New Guidelines Aim to Help Doctors Recognize, Manage Side Effects of Immune Checkpoint Inhibitors

New Guidelines Aim to Help Doctors Recognize, Manage Side Effects of Immune Checkpoint Inhibitors

The American Society of Clinical Oncology (ASCO) and the National Comprehensive Cancer Network (NCCN) recently developed a set of guidelines to serve as recommendations to clinicians regarding how to assess and manage the side effects associated with immune checkpoint inhibitors.

They were published in The Journal of Clinical Oncology, under the title “The Management of Immune-related Adverse Events in Patients Treated with Immune Checkpoint Inhibitor Therapy: American Society of Clinical Oncology Clinical Practice Guideline and NCCN Guidelines® for Management of Immunotherapy-Related Toxicities.”

“With rapidly increasing use of immune checkpoint inhibitors, it is imperative that clinicians are knowledgeable about their unique toxicity profiles,” Clifford A. Hurdis, MD, chief executive officer of ASCO, said in a press release. “These new guidelines from ASCO and NCCN will help our community continue to provide the highest quality of care to all patients as they incorporate these agents into routine care.”

The guidelines recommend that cancer patients:

  • with mild toxicities (grade 1) — except for some neurologic and hematologic toxicities — continue with treatment
  • with moderate toxicities (grade 2), temporarily stop use of checkpoint inhibitors until lab work or symptoms show the reaction is mild or better;  corticosteroids can be a replacement therapy
  • with severe toxicity (grade 3), be managed with high-dose corticosteroids for at least six weeks; extreme caution is advised when restarting immunotherapy, if the treating physician decides to try such treatment again
  • with evidence of very severe cases of toxicity (grade 4), immediately and permanently stop use the checkpoint inhibitor

Specific recommendations are given, depending on the affected organ.

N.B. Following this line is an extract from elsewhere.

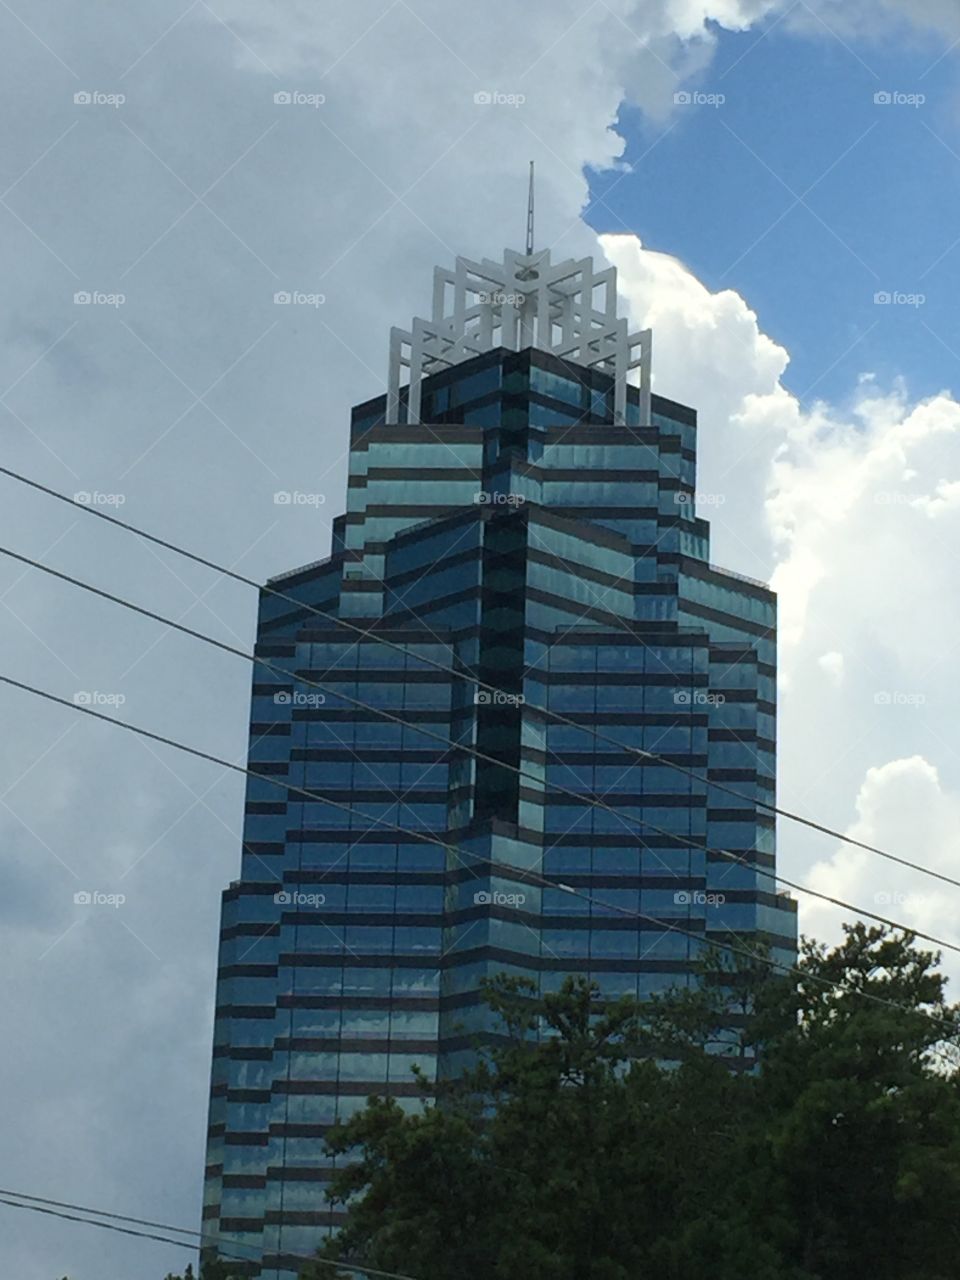 Clouds around the building

These guidelines are specific to immune checkpoint inhibitors, the groups said, and are not applicable to other types of immunotherapy. An educational video accompanies their publication, created for patients and caregivers.

Immune checkpoint inhibitors are a type of immunotherapy, relatively new, that bolster the immune system’s response to “an invader” so as to attack and destroy cancer cells. But side effects associated with this therapy can involve multiple organs, and can be severe and irreversible. Because use of immune checkpoint inhibitors is relatively recent, doctors are not necessarily highly experienced in recognizing and treating such side effects.

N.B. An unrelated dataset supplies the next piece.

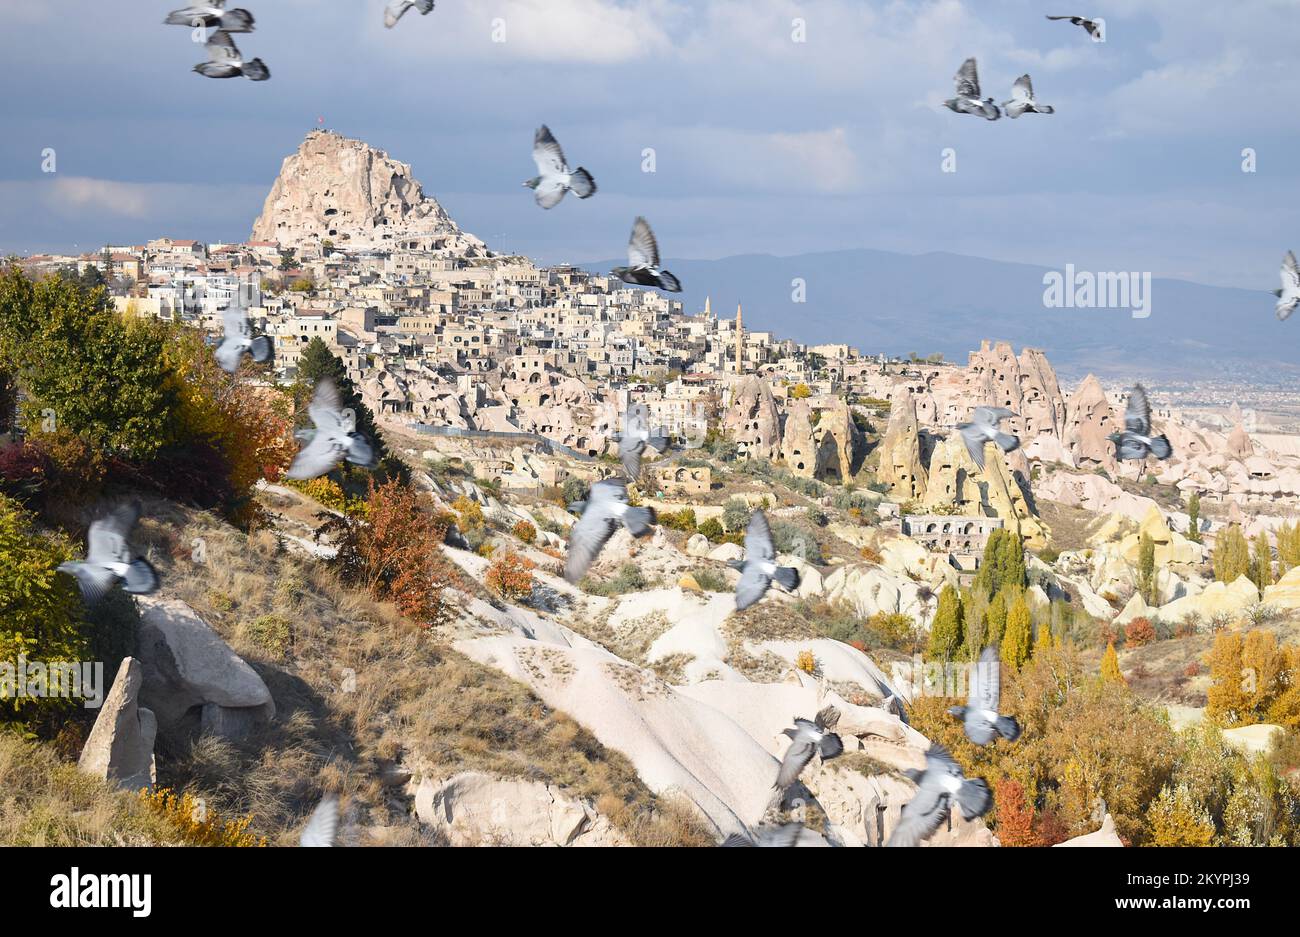 View of Uçhisar castle and cave city carved into the fairy chimneys in Cappadocia, Turkey, taken from Pigeon Valley on a bright cloudy Autumn day. Stock Photo

Common side effects of immune checkpoint inhibitors include rash, diarrhea, low thyroid hormone, and fatigue. But known side effects extend to inflammation of the lung, intestines or liver, hormonal abnormalities, and kidney, heart, or neurologic problems.

“If you take the brakes off the immune system and allow it to attack cancer, it may also attack the healthy tissue in a patient’s body,” said John Thompson, MD, co-director of the Seattle Cancer Care Alliance Melanoma Clinic, Fred Hutchinson Cancer Research Center, and a co-chair of the panel that developed the ASCO guideline. “Fortunately, most of the side effects are reversible, but early recognition and proper treatment are critical.”

Immune checkpoint inhibitors approved by the U.S. Food and Drug Administration (FDA) to help patients with a variety of cancers include Opdivo (nivolumab), Yervoy (ipilimumab), Keytruda (pembrolizumab), Bavencio (avelumab), and Tecentriq (atezolizumab).

“While novel immunotherapies allow for life-extending therapy for selected forms of cancer, their success is associated with potentially substantial toxicity,” said Robert W. Carlson, MD, chief executive officer of NCCN. “These side effects are different from other forms of anticancer therapy and require rapid and appropriate recognition and treatment.”

The guidelines were developed with input from multidisciplinary panels composed of experts in such fields as medical oncology, pulmonology, hematology, neurology, emergency medicine, and included patient advocates, the release notes. The recommendations are based on a systematic review of literature and an informal consensus process with the panels.